Ex-candidate David Spring fires up petition against expansion options at Mount Si High School, touts second high school

Former State Rep. candidate David Spring is gathering signatures in opposition to two long-term building plans in the Snoqualmie Valley School District.

Spring, a North Bend resident and director of the Fair School Funding Coalition, recently began circulating a petition against the two future models in the school district’s Long Term Facilities Plan.

A volunteer committee recently narrowed future building options down to two choices for consideration by the Snoqualmie Valley School Board. Options that made the cut included expanding Mount Si High School and creating a satellite high school campus at Snoqualmie Middle School.

Spring’s Fair School Funding Coalition began last summer as an effort to get national-average levels of school funding in Washington. The group weighed in against the district’s facilities options, claiming that they would be too costly and could impact students’ social learning.
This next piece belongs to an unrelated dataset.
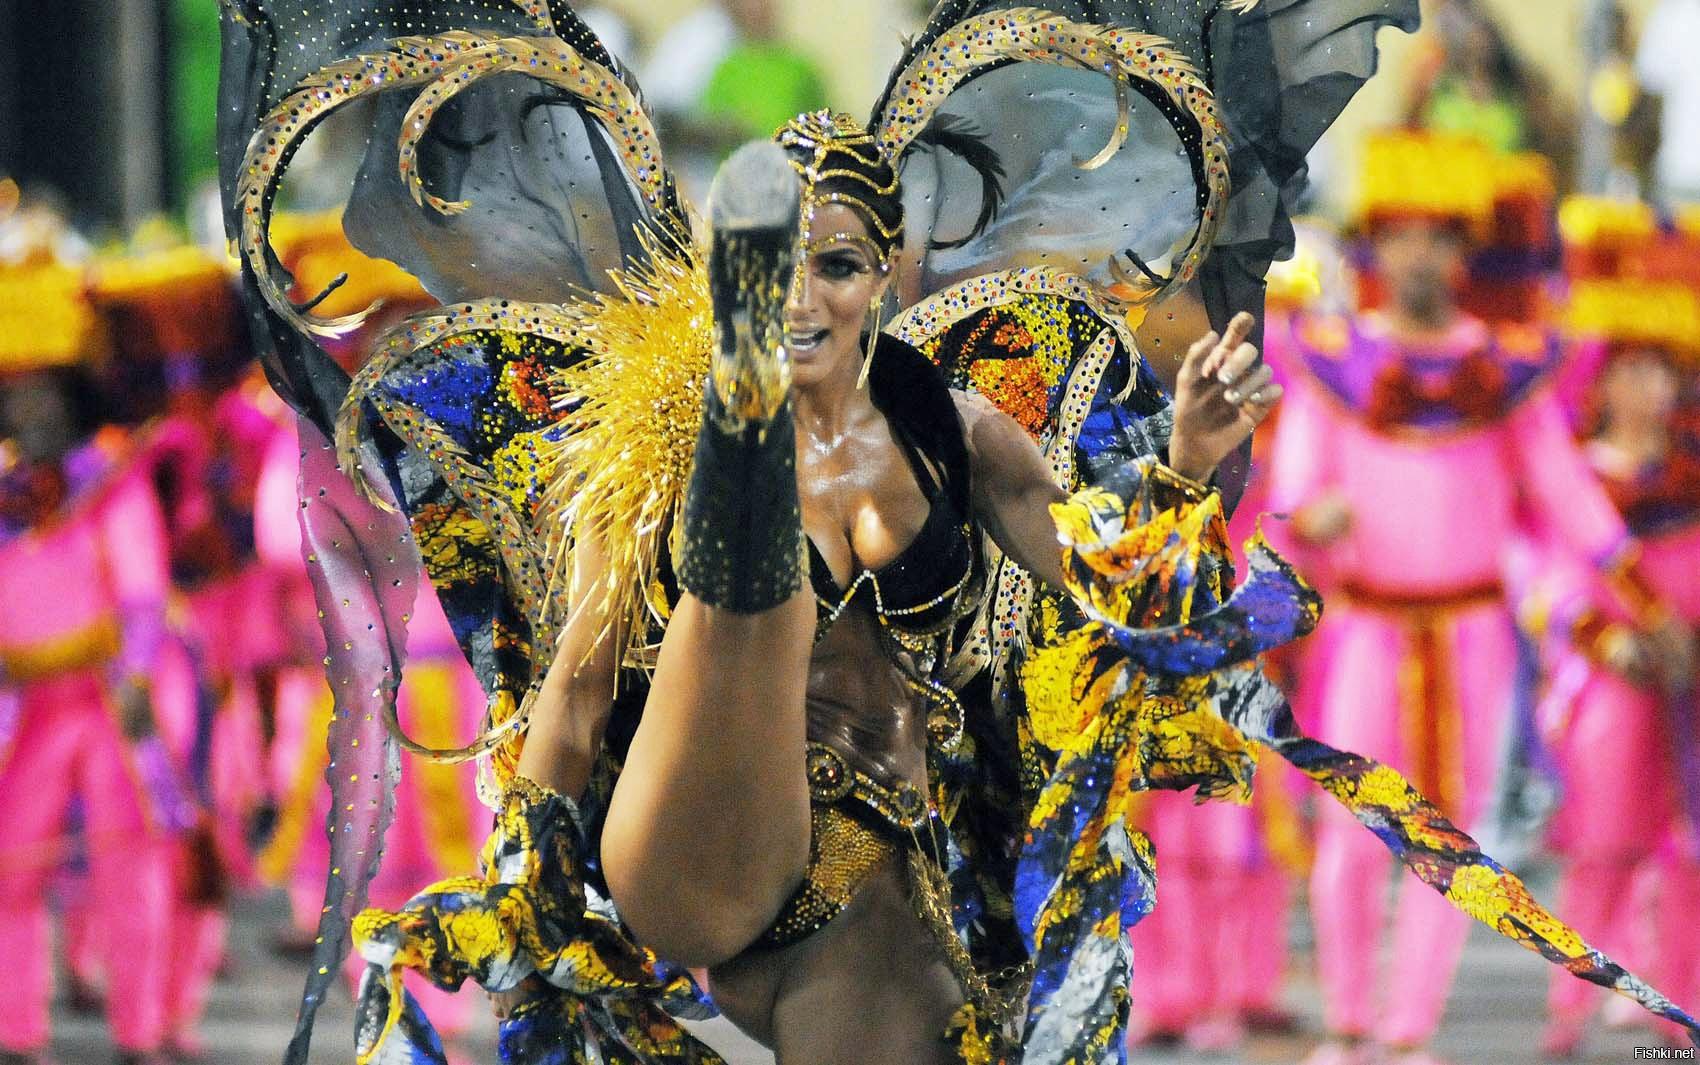 частное фото карнавала в бразилии обнаженные тела просто

The coalition supports building a second high school in Snoqualmie.

Spring claims the current approach creates a mega-sized high school in the district. He said mega-schools were popular in the 1970s, but research showed that graduation rates in such schools plummeted compared to smaller schools, while crime, discipline problems and drop-out rates increased.

Basing their preferred choice on social connections, the coalition’s stance is that students in large schools don’t make the close-knit relationships found in a smaller school setting.
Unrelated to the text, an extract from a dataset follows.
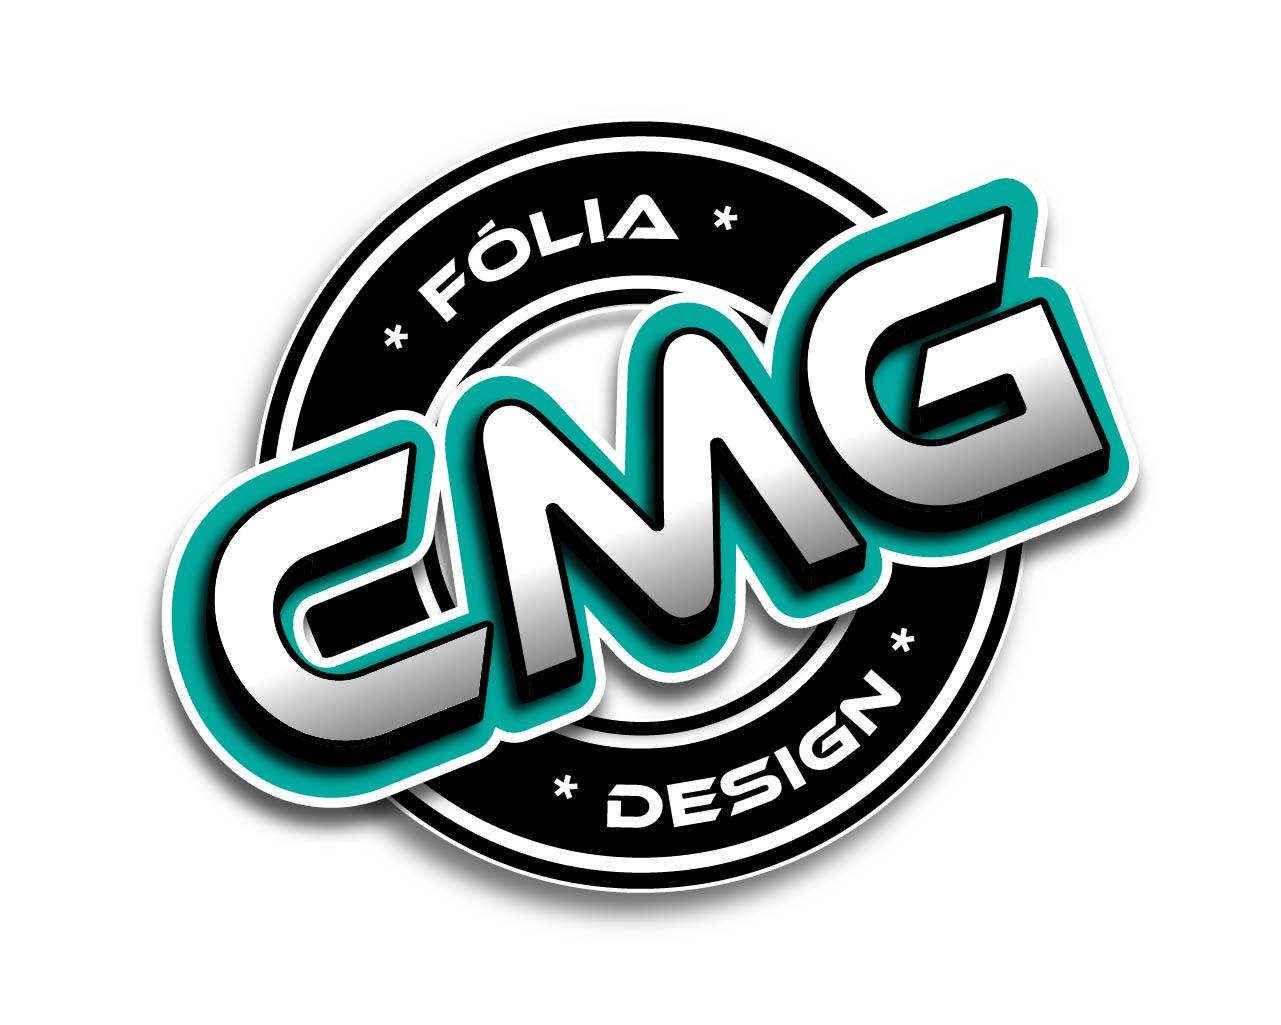 CMG – Autó és Épületfóliázás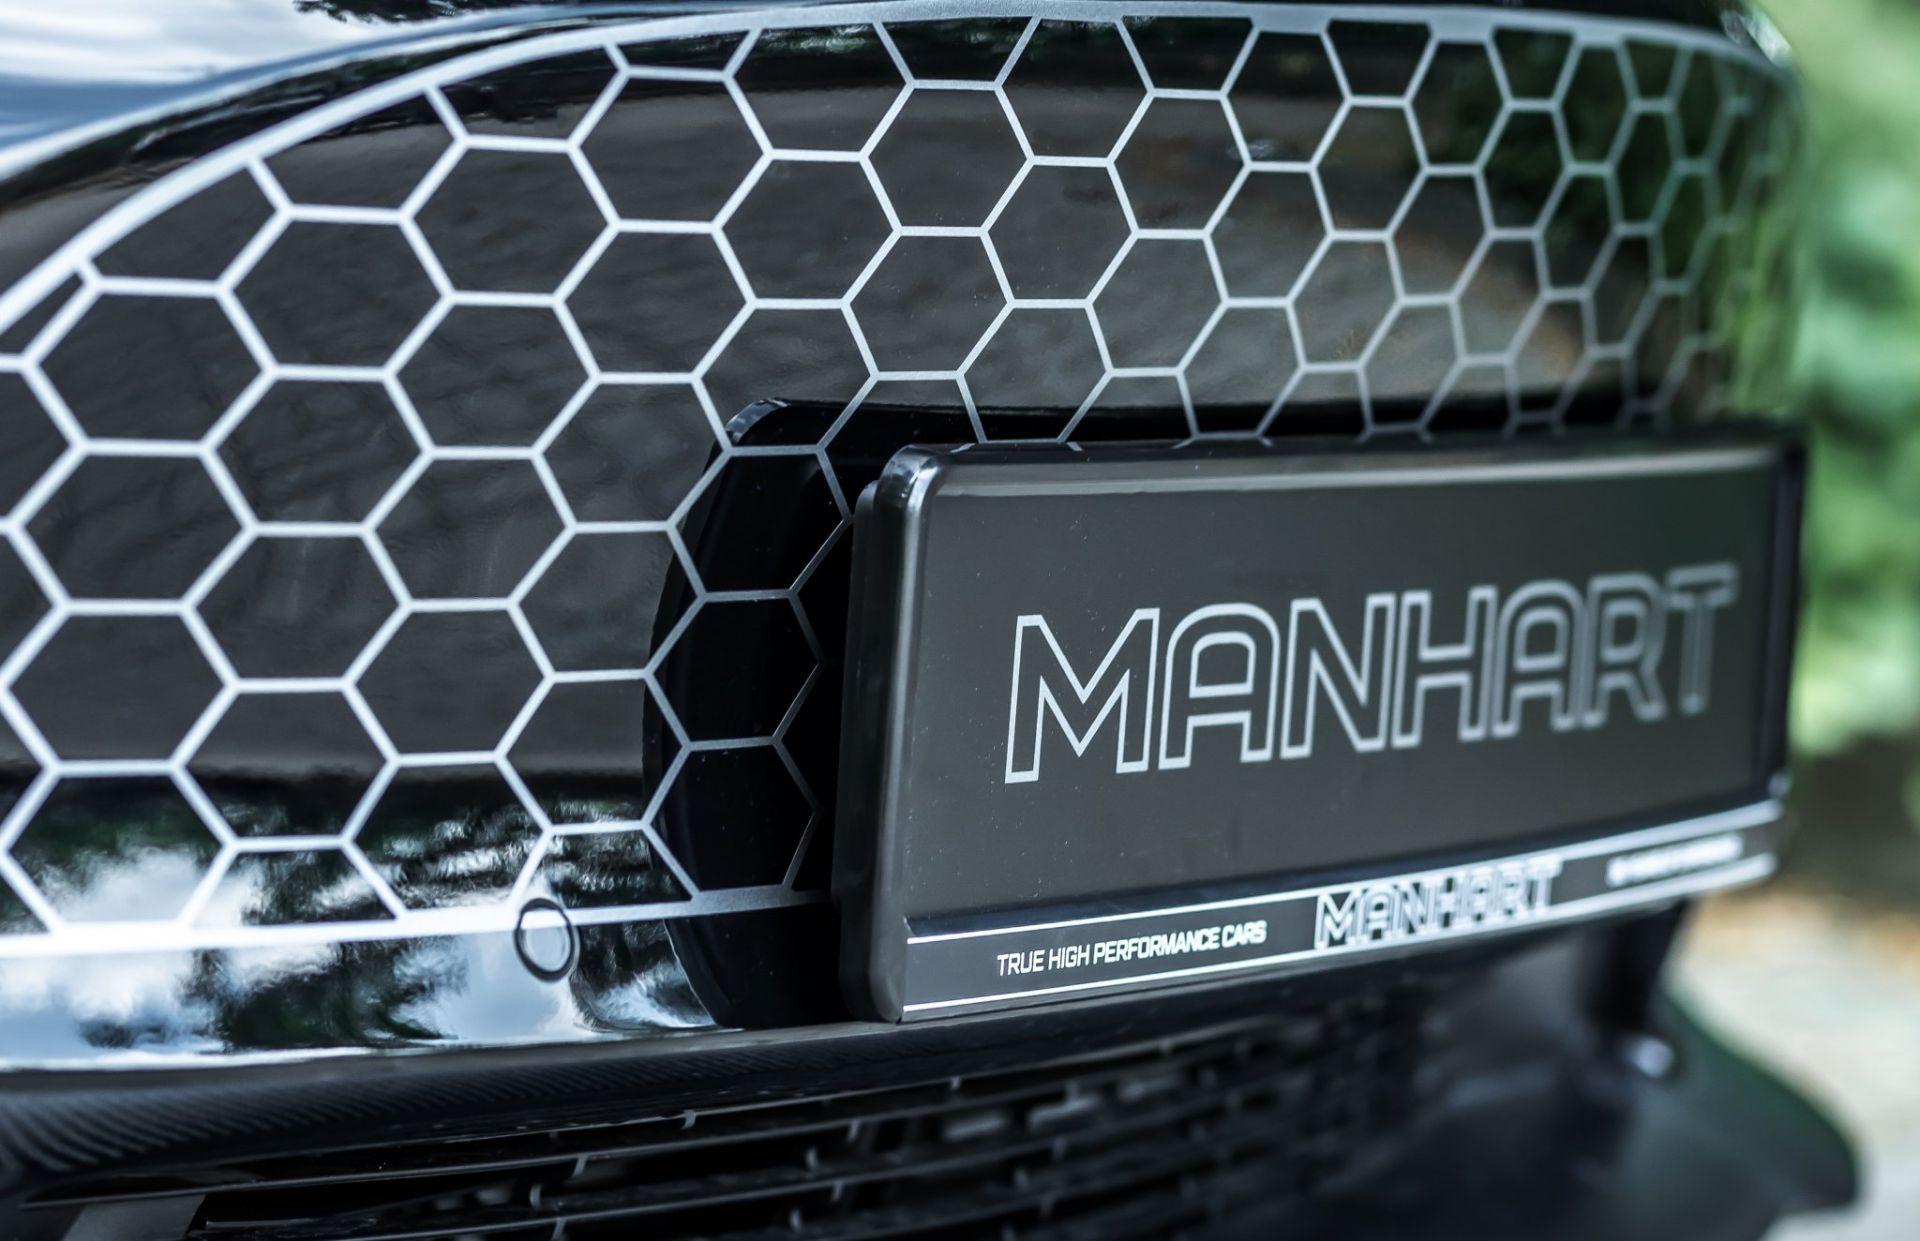 Manhart-TM3-700-7

Spring said he was considered a radical by some for advocating a national-average student population, about 1,000 students, at Mount Si. He wants Snoqualmie Valley students to have the same experience as other students in the nation.
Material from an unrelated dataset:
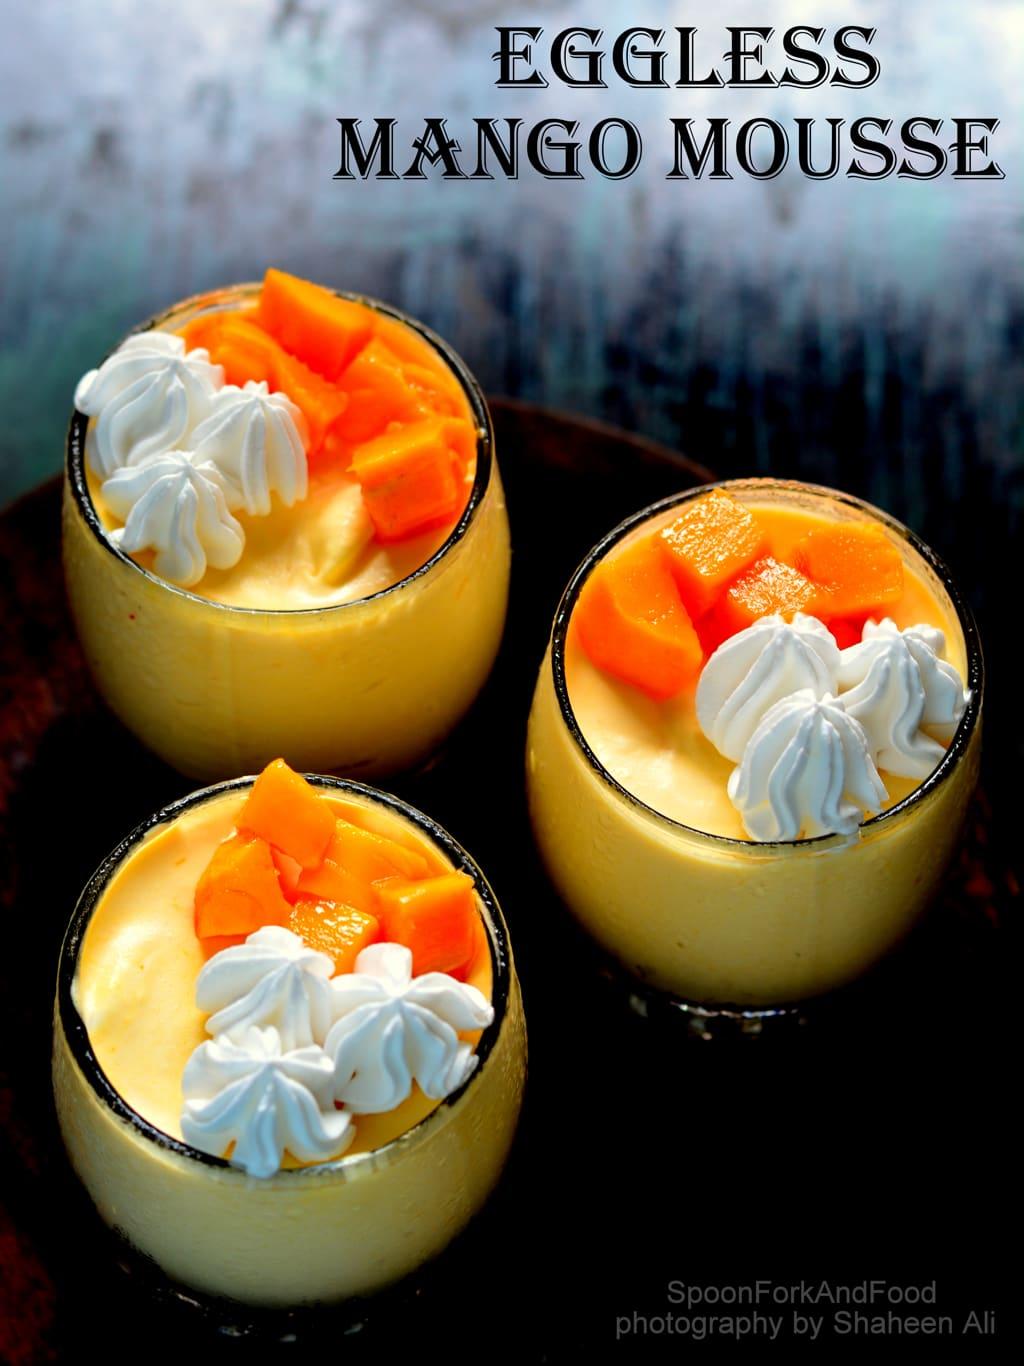 How To Make Mango Mousse Cake Without Gelatin

Expanding the capacity of Mount Si will not directly impact the student-teacher ratios, as those are determined by the number of students enrolled in school.

Mega-school?

So, would Mount Si be a mega-school?

“Some believe that anything over a 500-student high school has been defined as ‘mega,’” said Don McConkey, a district assistant superintendent and chairman of the Long Term Facilities planning committee. “Yet, we know that, across the country, there are high schools with enrollments that exceed 2000 or more students.”

The expansion model for Mount Si High School is projected to add between 29 and 33 additional classrooms which would add capacity for another 800 to 900 students. Currently the capacity of the school is approximately 1,760 students. The expansion would increase the capacity to approximately 2,500 students.

Added capacity allows Mount Si High School to expand and add programs for students, McConkey said.

To Spring, several consecutive bond failures at the polls in recent years are due to the way the proposed new high school was designed.

“There was a tremendous opposition to a second stadium,” Spring said. He said many residents who spoke to him favored sharing a stadium with the existing high school.

“They were never given that option,” he said. “They wanted a middle-of-the-road high school that you add onto later.”

Besides unfavorable comments for athletic complexes at two high schools, district feedback from the community on why the 2006-2007 bond for a second high school did not pass included the overall cost of the bond, that two high schools would divide the community and uncertainty on where the high school would be located.

Expansion

Including the cost of a remodel and expansion, upgrades to Mount Si would top out at about $100 million. Remodeling is a must to expand the building, McConkey said.

It would cost at least that much to construct a new high school, not including a land purchase. Operating costs for a new high school would also weigh heavily on the district’s budget, he said.

According to the coalition, a two-high-schools option is better socially and financially.

Spring raised concerns about costs of expansion in the high school’s current site, which is in the Snoqualmie River flood plain.

McConkey said the remodel would include raising a portion of Mount Si out of the floodway. The expansion would add a second story to the existing building, primarily staying within the current footprint of Mount Si.

Spring said the coalition, now about 1,000 members strong, plans to double in size in the months before the board makes a decision on construction.

Spring’s petition effort is aimed at getting school board members to consider his issues — and reconsider the current options.

“When you have a highly organized group of people like this, it will simply go down to defeat,” Spring said.